想要帮助:如何设计我的网页,从数据库中排序数据?

I apologize in advance for the long question. I am designing a webpage for a DNA research lab and I am stuck on one particular point. The webpage accesses a single MySQL database, but the database contains dozens of tables. Each table corresponds to one experiment. The tables each follow the same general format: one column lists DNA gene names and the next column displays the amount of the DNA gene present. However, each table contains a different set of genes (the genes in one experiment aren't always the same as from another experiment).

At this point, I want the user to input which gene he is interested in and then the webpage will display which experiments have data for that gene. Basically, I need to figure out which MySQL tables in the database have the data that I want.

The way I see it, I need to cycle through each table in the MySQL database and do a SELECT WHERE query on each table. If it returns something, it is a table that I want and I will add the table name to an array. If not, I just move on to the next table.

What is the best way to do this and what languages do I need? I will use HTML and PHP for the webpage and MySQL for the database queries. However, what can I use to cycle through the tables? I was thinking javascript or ASP?

It sounds like you may need to redesign your database? I think you only need one table, and the "gene set" that is currently distinguishing tables should be a non-unique key on that table.

Then, you should be able to query that single table WHERE the gene set equals the set you are looking for...

Since you are planning to use PHP then that is a good choice for performing the logic that you need.

Do you have control over the structure of the database? If you do, it may be easier to restructure the database itself to support the types of queries that you need. For instance, you can have a single table listing the experiments, another table listing the genes, and a third table connecting the experiment to the gene and the other data that goes with it. This would avoid all the searching through tables for data that you have to do. The advantage would then be that as more experiments are added the application would continue to work without modifying the PHP code.

Let's assume that you can't change your database structure. You can get a list of all of the tables in your database using the query:

SHOW TABLES

Next, you need to know which tables are for experiments you care about. You'll probably have to do some kind of string matching -- hopefully they have names that start with "experiment_" or something.

Then you just run a SELECT statement looking for that gene in the table. Finally, you somehow map the experiment names to the table names, and display those experiment names. The code would be something like:

$result = mysql_query("show tables");

$tables = array();

while ($row = mysql_fetch_array($result)) {
   // Determine whether this is an experiment table.
   if (preg_match("/^experiment_/", $row[0])) {
       $tables[] = $row[0];
   }
}

$tables_with_gene = array();

// As you can see, every search runs bunches of queries.
foreach ($tables as $table_name) {
    $result = mysql_query("select gene_name from $table where gene_name = '$gene_name'");

    if (mysql_num_rows($result)) {
        $tables_with_gene[] = $table_name;
    }
}

// Now you look up the experiment names
$experiment_names = array();

foreach ($tables_with_gene as $table_name) {
    $result = mysql_query("select experiment_name from experiments where table_name = '$table_name'");
    while ($row = mysql_fetch_array($result)) {
        $experiment_names[] = $row[0];
    }

 }

At the end of all this, $experiment_names has a list of the experiments that include the gene in question.

Note that if the gene name is user input you'll want to sanitize it first to avoid SQL injection.
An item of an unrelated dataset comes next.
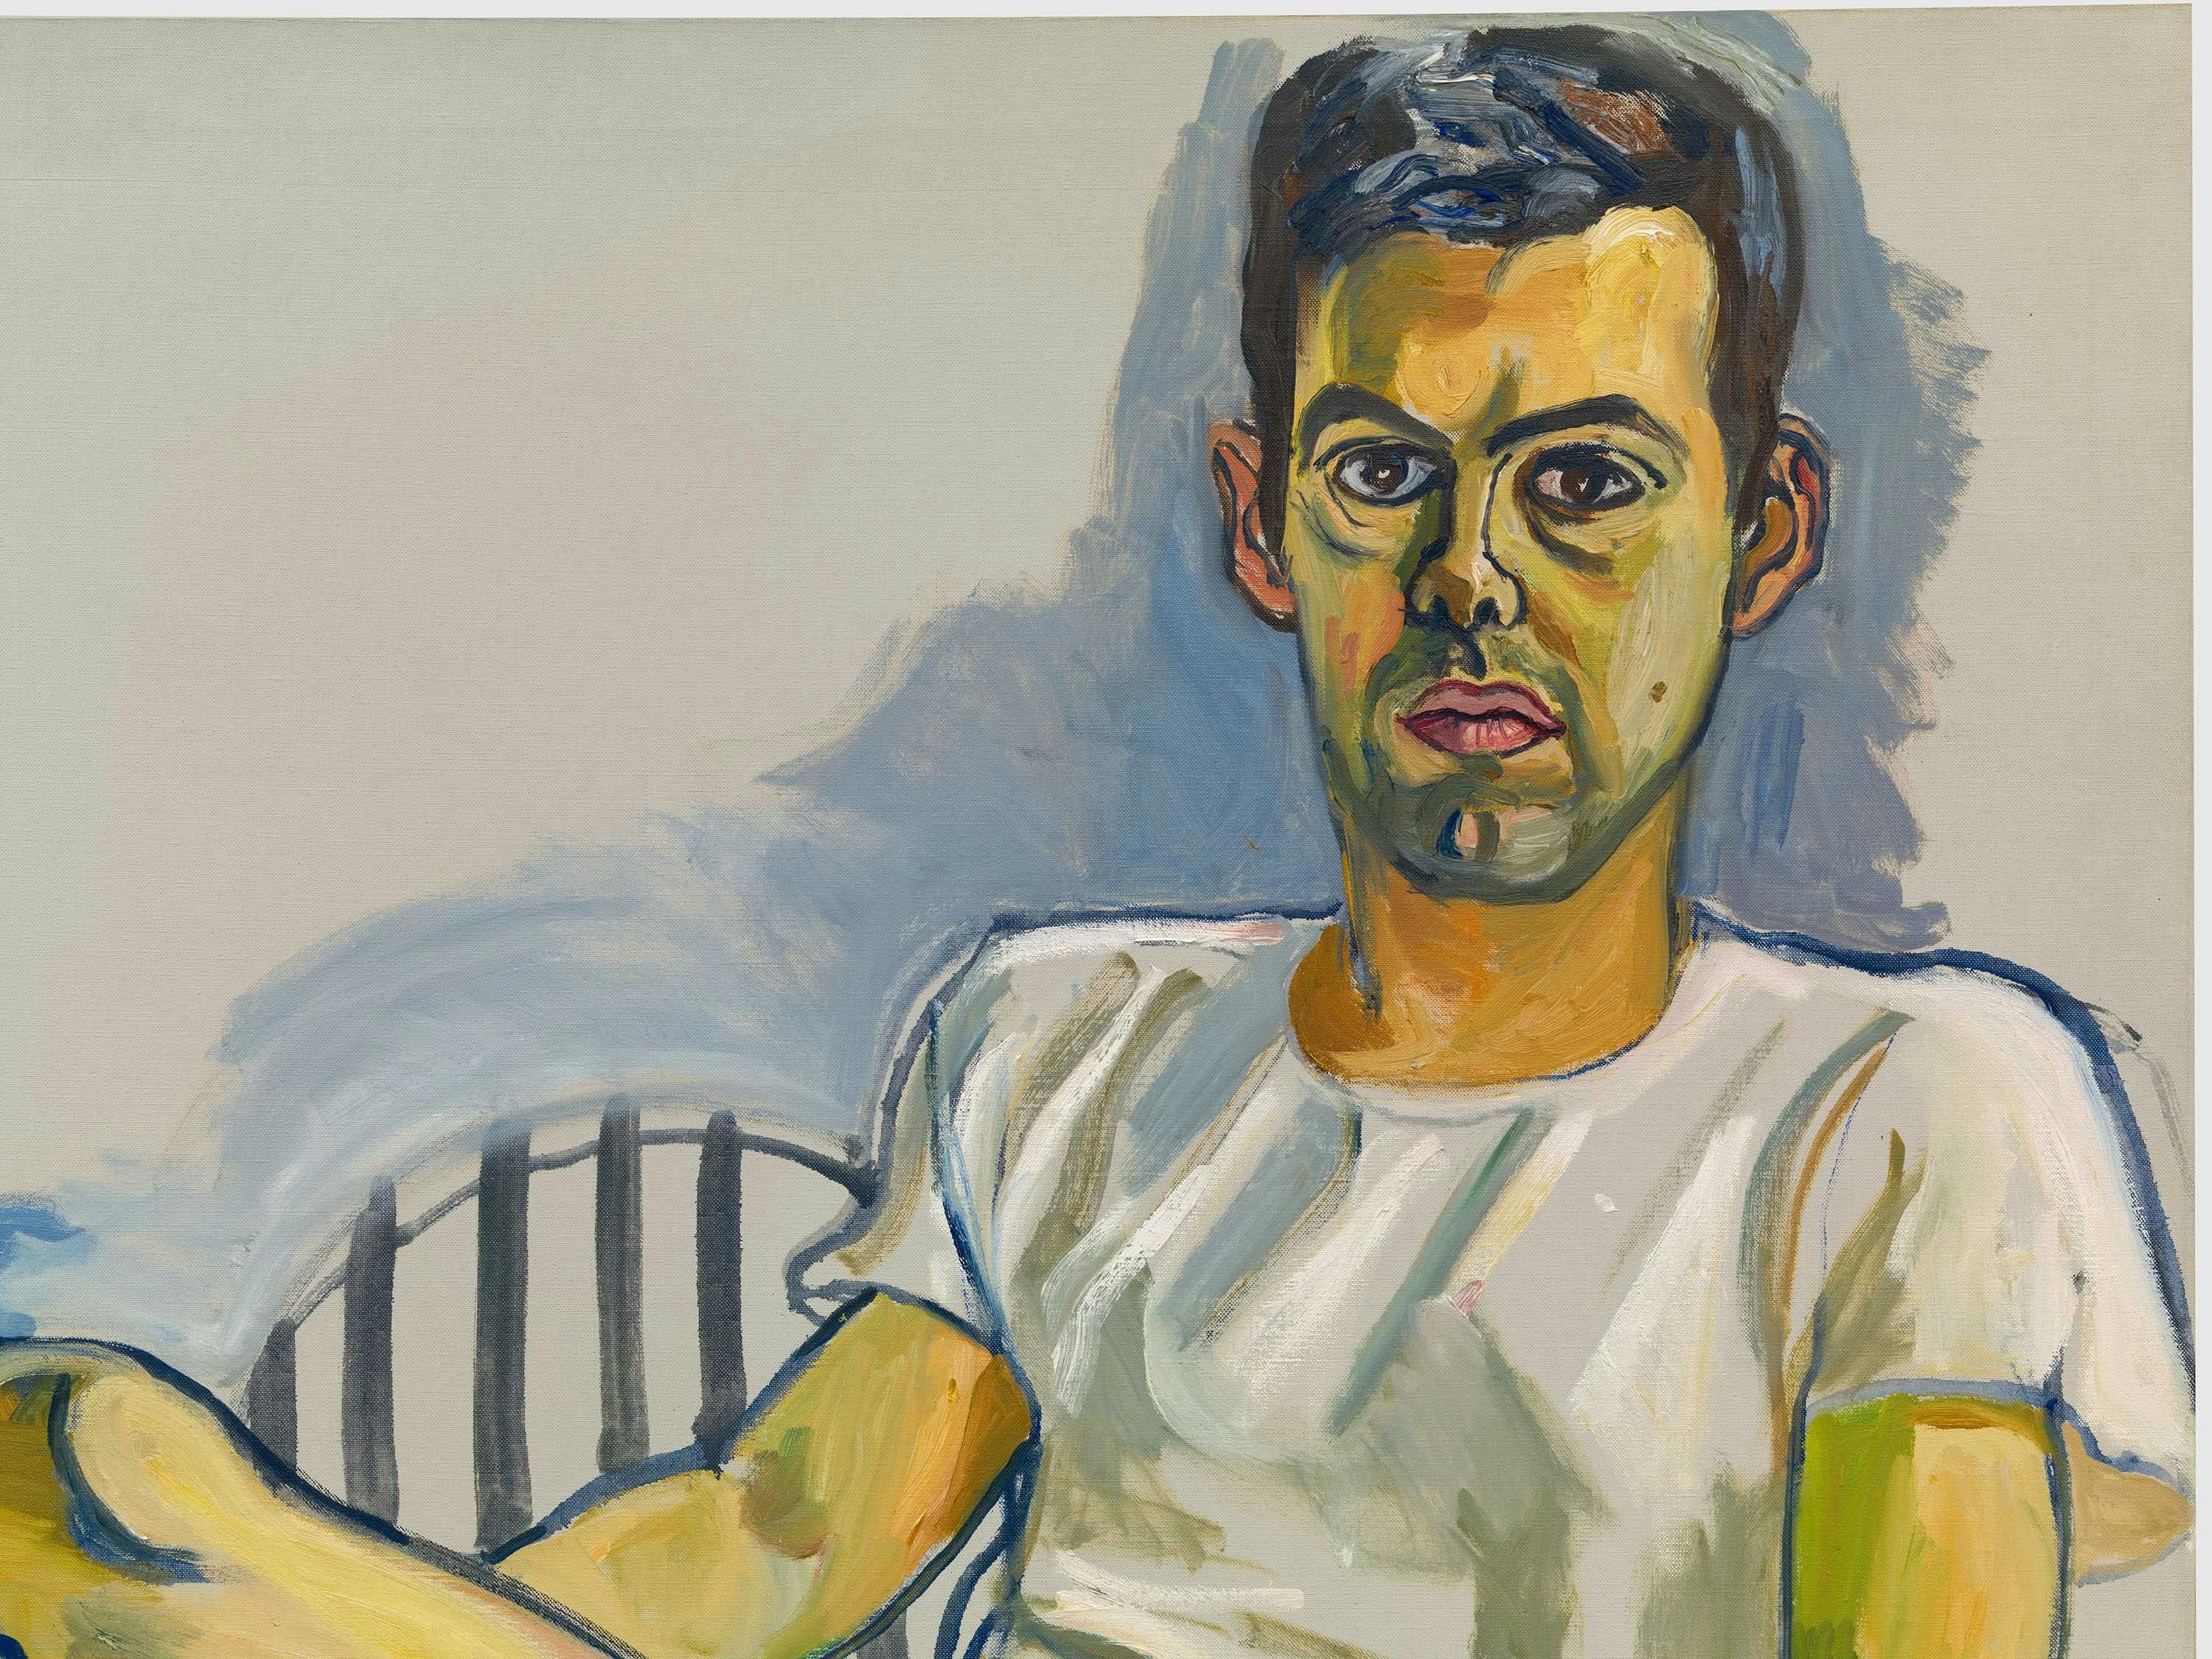 A detail from a painting by Alice Neel, titled Alice Neel Richard, dated 1967.

But yeah, you probably want one table that looks like:

experiment_id
gene_name
gene_frequency

Then you could do it all with one query:

SELECT e.experiment_name FROM experiment_data d JOIN experiments e 
ON d.experiment_id = e.id
WHERE d.gene_name = 'your gene name'

You should really consider that redesign people have mentioned if at all possible. Your data format has some real problems. If it were not done this way you wouldn't have this problem. 28000 records is quite small in database terms and it doesn't matter if the gene is involved in more than one experiment. That's really the whole point of multiple fields in databases. They are meant to work with data of exactly that type. You just need another field denoting which experiment the data in the amount column refers to.

So rather than....

-----------------
| Gene | Amount |
-----------------
| abc  |   123  |
| xyz  |   789  |
-----------------

You have:

------------------------------
| Experiment | Gene | Amount |
------------------------------
|     ex1    | abc  |   123  |
|     ex2    | abc  |   456  |
|     ex2    | xyz  |   789  |
|     ex1    | xyz  |   058  |
------------------------------

etc, etc, etc

Then if you need to see just the data from ex1 it's:

SELECT *
FROM tblGeneData
WHERE Experiment = "ex1"

That query will give you the same results as:

SELECT *
FROM tblExperiment1

This is how relational databases are meant to work. They are not generally meant to keep the same type of data in two different tables just because there is a differentiating property.

EDIT:

I feel the need to also point out that you would generally also want an additional field to use as a unique key for the table. I would add an additional field called "Id" to the table and make it autonumber. You could use a compound key made up of your data but the generally accepted "best practice" is to have a separate unique key field that is meaningless outside the context of the inner workings of the database. This field would be used as the primary key for the table.